The good news: A recent scourge of fake Adobe installers really does update you to the latest version of Flash. The bad news: It places cryptomining malware on your machine in the meantime.
Researchers at Palo Alto Networks this week warned of the latest evolution in both cryptojacking and fake Flash updates, two popular forms of cyber malfeasance united in one unpleasant parcel. Over the past several months, the researchers have found 113 of these fake updaters, which deposit a cryptocurrency miner called XMRig on the affected device.
Once in place, XMRig works quietly in the background, leeching your computer’s resources to generate Monero, a popular privacy-focused cryptocurrency. What makes this attack especially curious, though, is that it bothers to place the actual Flash update on the device as well. Which is considerate, but also just plain practical, from a cryptojacking perspective.
“It’s likely to make the user think that nothing had gone wrong,” says Ryan Olson, vice president of threat intelligence at Palo Alto Networks’ Unit 42. “Performing the update, and making the user think nothing bad had happened, goes hand in hand with the cryptomining business model. With an attack like ransomware, you’re going to be in the user’s face. Within a few minutes, you’re going to have their files, you’re going to have a pop-up saying, ‘Hey, I stole your data, you need to pay me money.’ But with cryptomining, you want that computer to keep running your software as long as possible.”
Think of it like a parasite that needs to keep its host alive. Gross! Palo Alto Networks says that victims, in this case, were tricked into clicking a phony URL; your best bet to stay safe may be, as always, to mind your browsing.

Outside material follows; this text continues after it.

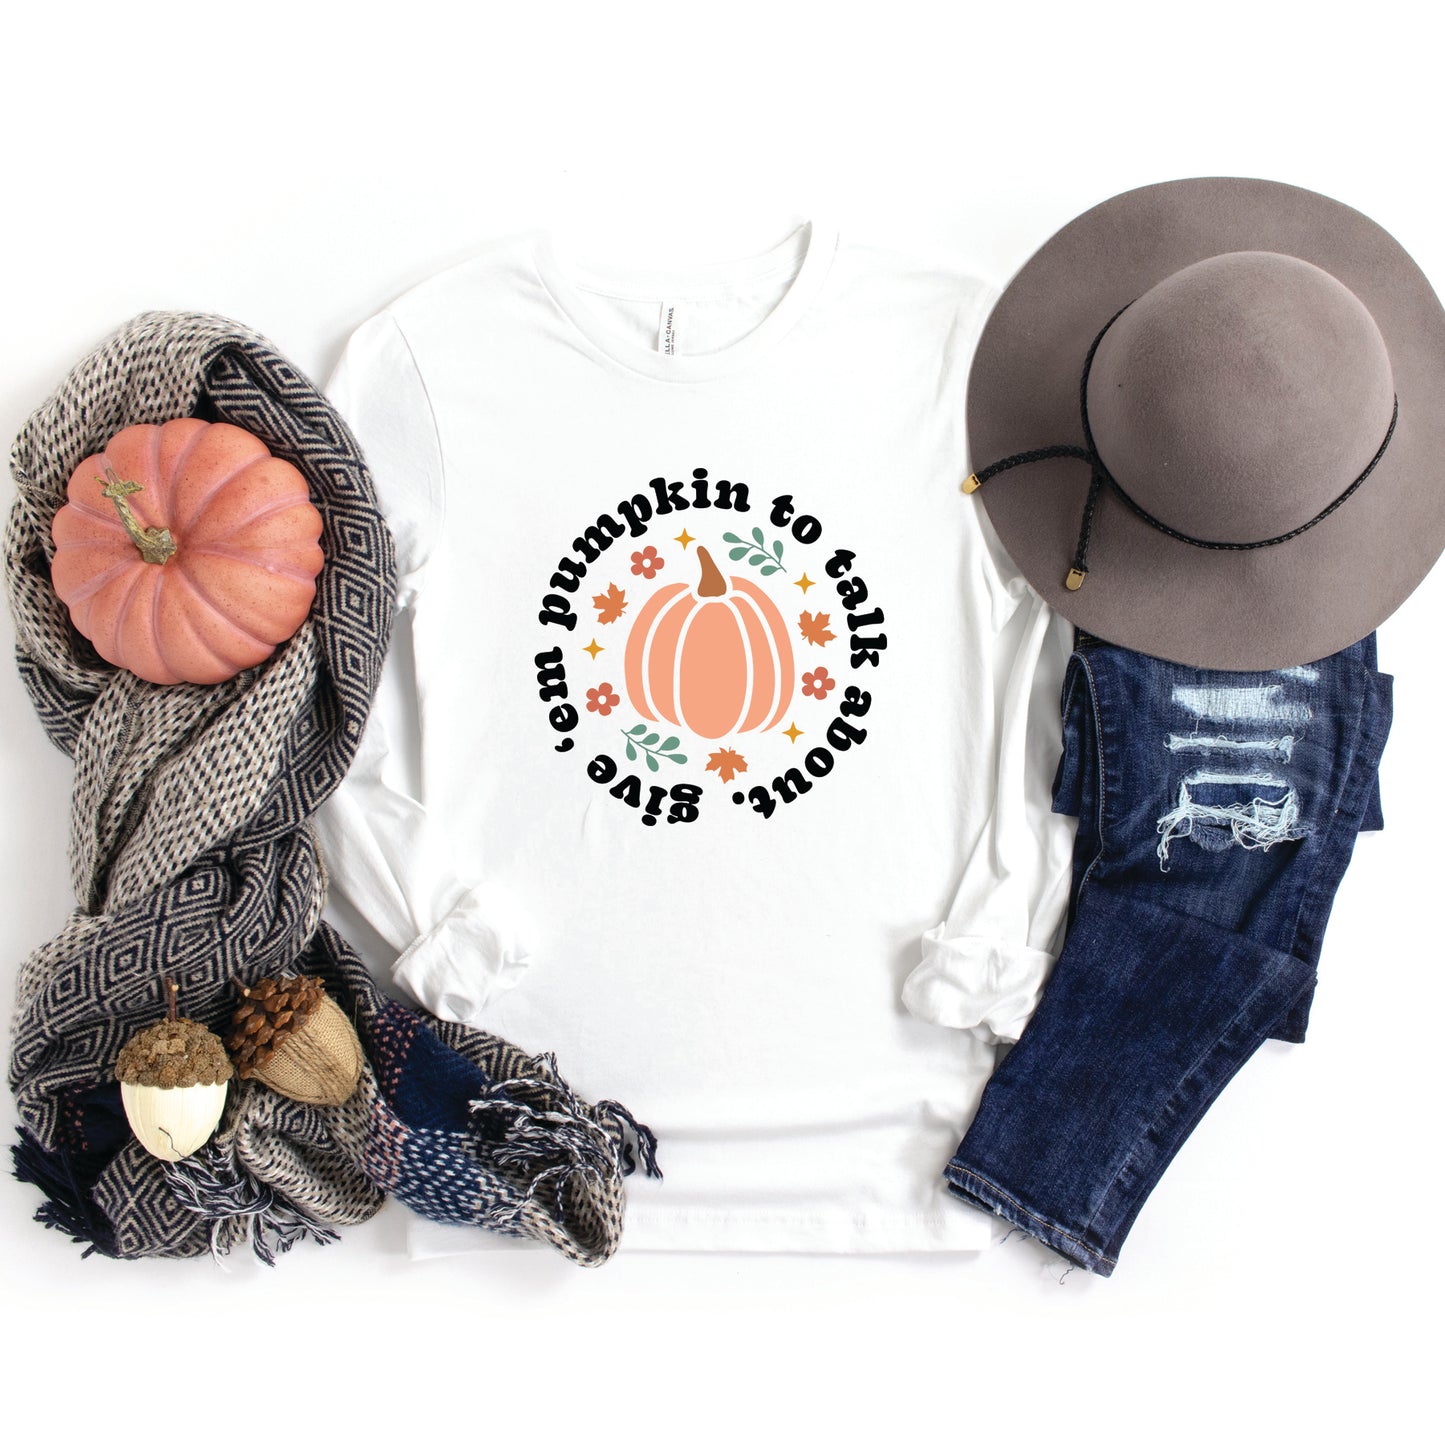 Give Em Pumpkin To Talk About Circle | Long Sleeve Crew Neck

It’s unclear how many users were affected by this particular cryptojacking effort. Beyond the 113 instances Palo Alto Networks found, Olson says they don’t know how many people globally might have encountered or run the imposter installers.
Cryptojacking generally has become quite a scourge. It has run rampant on all corners of the internet, threatening even critical infrastructure. Recent research suggested that $250,000 of Monero was generated by cryptomining software Cornhive alone.
Not all cryptomining necessarily comes with bad intentions; some sites have deployed it as a way to generate revenue. But instances of voluntary cryptomining pale in comparison to the covert sort that chews up CPU power—like the kind Palo Alto Networks discovered.
How Serious Is This?
Without knowing how many people were fooled, it’s hard to quantify the impact. It’s serious in that it’s an extension of the broader trend of cryptojacking, which doesn’t seem to be getting any better. And if you’re someone who was affected by this, your computer is likely taking a pretty serious performance hit right now.
In the broader scheme of things, though? Not that serious. In fact, given how buggy and vulnerability-ridden Flash has been for, well, years, the fact that this fake installer actually keeps it up to date is about as big a silver lining as you could hope for.